The smoky splendor of a sun-splashed Friday afternoon at Marcella's Fine Cigars and Tobaccos was broken by a rude reminder that this Washington Road shop is an endangered haven for those who light up.
Less than a mile to the west is hostile territory - Columbia County and its recently enacted ban on smoking in public places.
Now comes word that some members of the Georgia Legislature, emboldened by the success of Columbia County and other jurisdictions, would like to enact a statewide ban.
It is enough to make the cigar and pipe aficionados who drift into Marcella's for a few lingering puffs sputter with indignation.
"I don't believe any government should tell a private business what is legal," said Max Troutman, 45, a project manager for a Fort Gordon construction contractor. "If you don't want to smoke, don't go."
Mr. Troutman is a pipe smoker. He buys his Cavendish-blend tobacco at Marcella's and will usually settle into the shop's gray leather sofa or easy chair to banter with store manager Aaron Brock or another regular.
The North Augusta resident gives a short snort when asked about Columbia County and its 3-week-old smoking ban.
"I don't plan on spending any of my money over there," he said.
On this quiet afternoon, blues blares from a small boom box and Mr. Brock, 25, switches from a cigar to a pipe to join Mr. Troutman for a short smoke. Mr. Brock then grinds a mix of coffee beans from Bolivia and the Galapagos Islands for a fresh pot.
The subject of smoking bans causes him to bristle.
"I look at it as part of the assault on civil liberties in general," Mr. Brock said. "It should be a business owner's decision, not something dictated from the powers that be. I don't think America was founded for that."
Banning smoking in a restaurant is one thing, but a ban in a bar is an unnatural act, Mr. Brock said.
"How do you build the atmosphere of a bar without cigarette smoke?" he asks.
Marcella Perez, the store owner, agrees.
"Restaurants and bars should be able to decide on their own if they want to exclude smokers," she said. "Then people have a choice. I don't sit in a smoking section when I go out to eat because I don't want to mix smoking and eating, but that's my preference."
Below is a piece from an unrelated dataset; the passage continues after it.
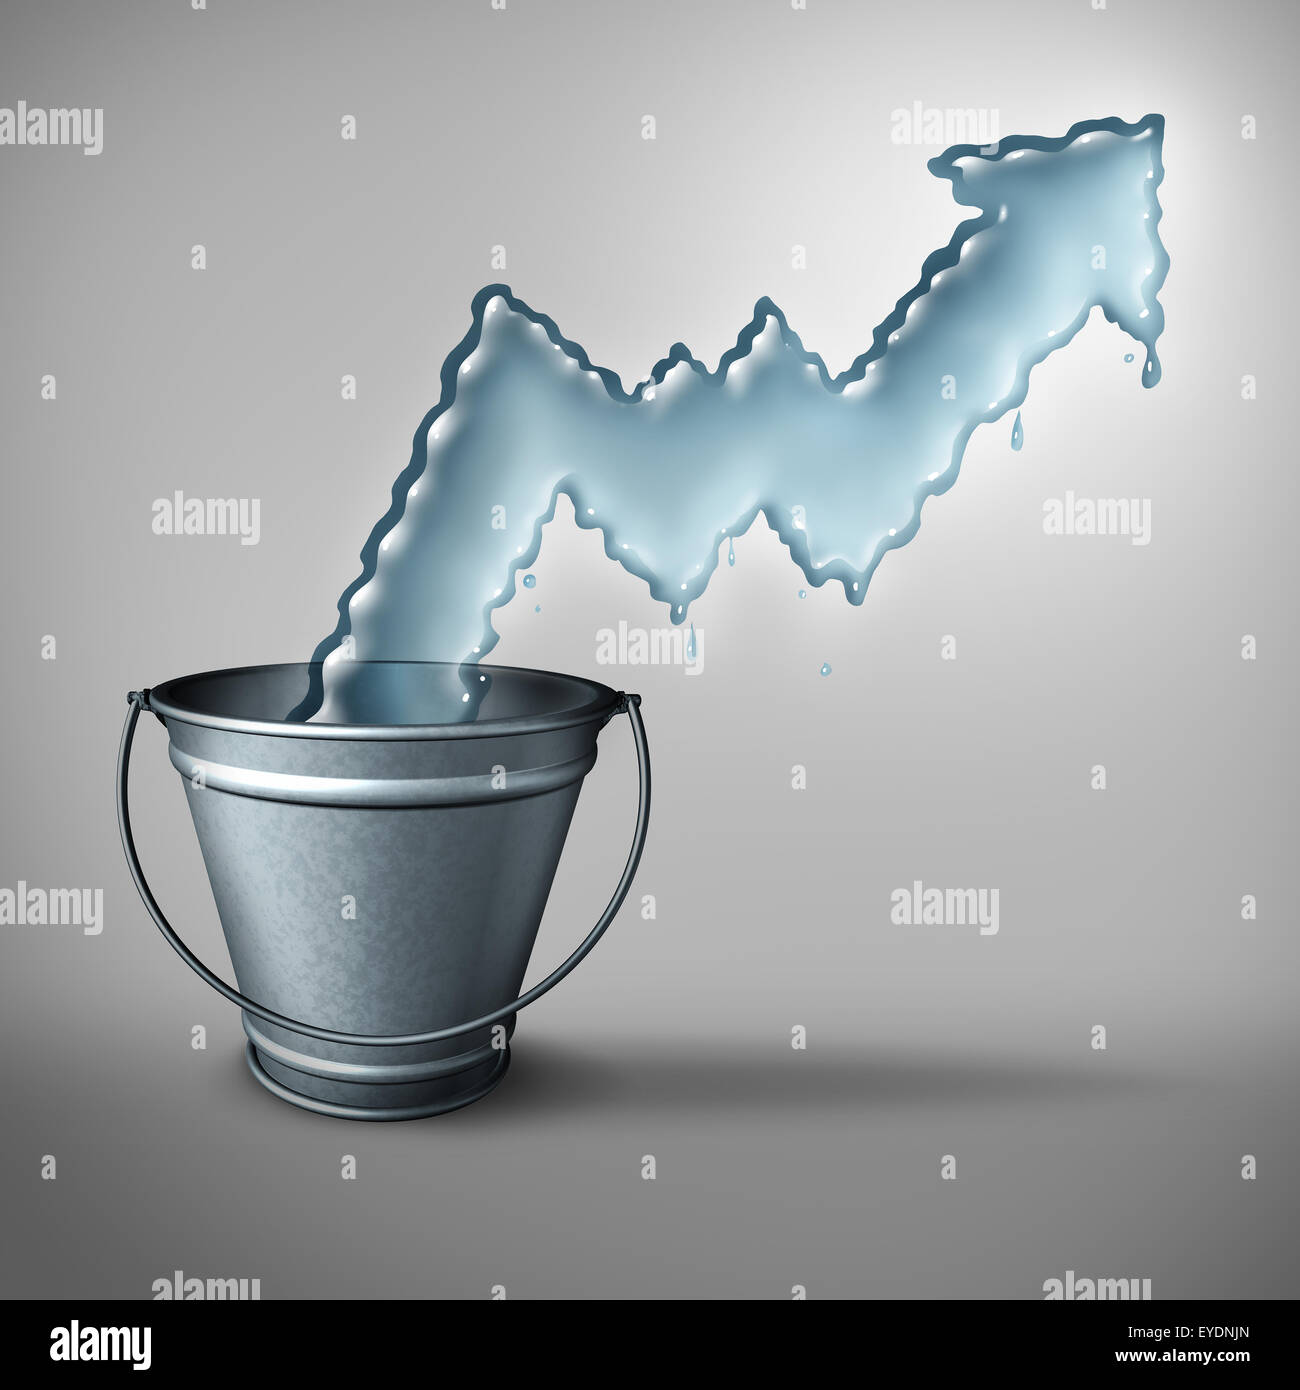 Water demand concept and clean drinking freshwater scarcity crisis as liquid shaped as a rising chart arrow emerging from a metal bucket as a symbol of limited resources and increase in usage restrictions. Stock Photo

For Mr. Troutman, Marcella's is one of the few places where he's welcome to fire up his pipe. His wife has slapped a private smoking ban on their home, he said.
"Mama done laid down the law there," he said.
This helps make him a conscientious smoker, careful about where he lights up.
"Even if I can smoke this pipe in public, I know it's obnoxious to some people," he said. "I try to appease them."
Mr. Brock gives no quarter.
"Screw the smoking ban," he said. "I'm going to light up anyway."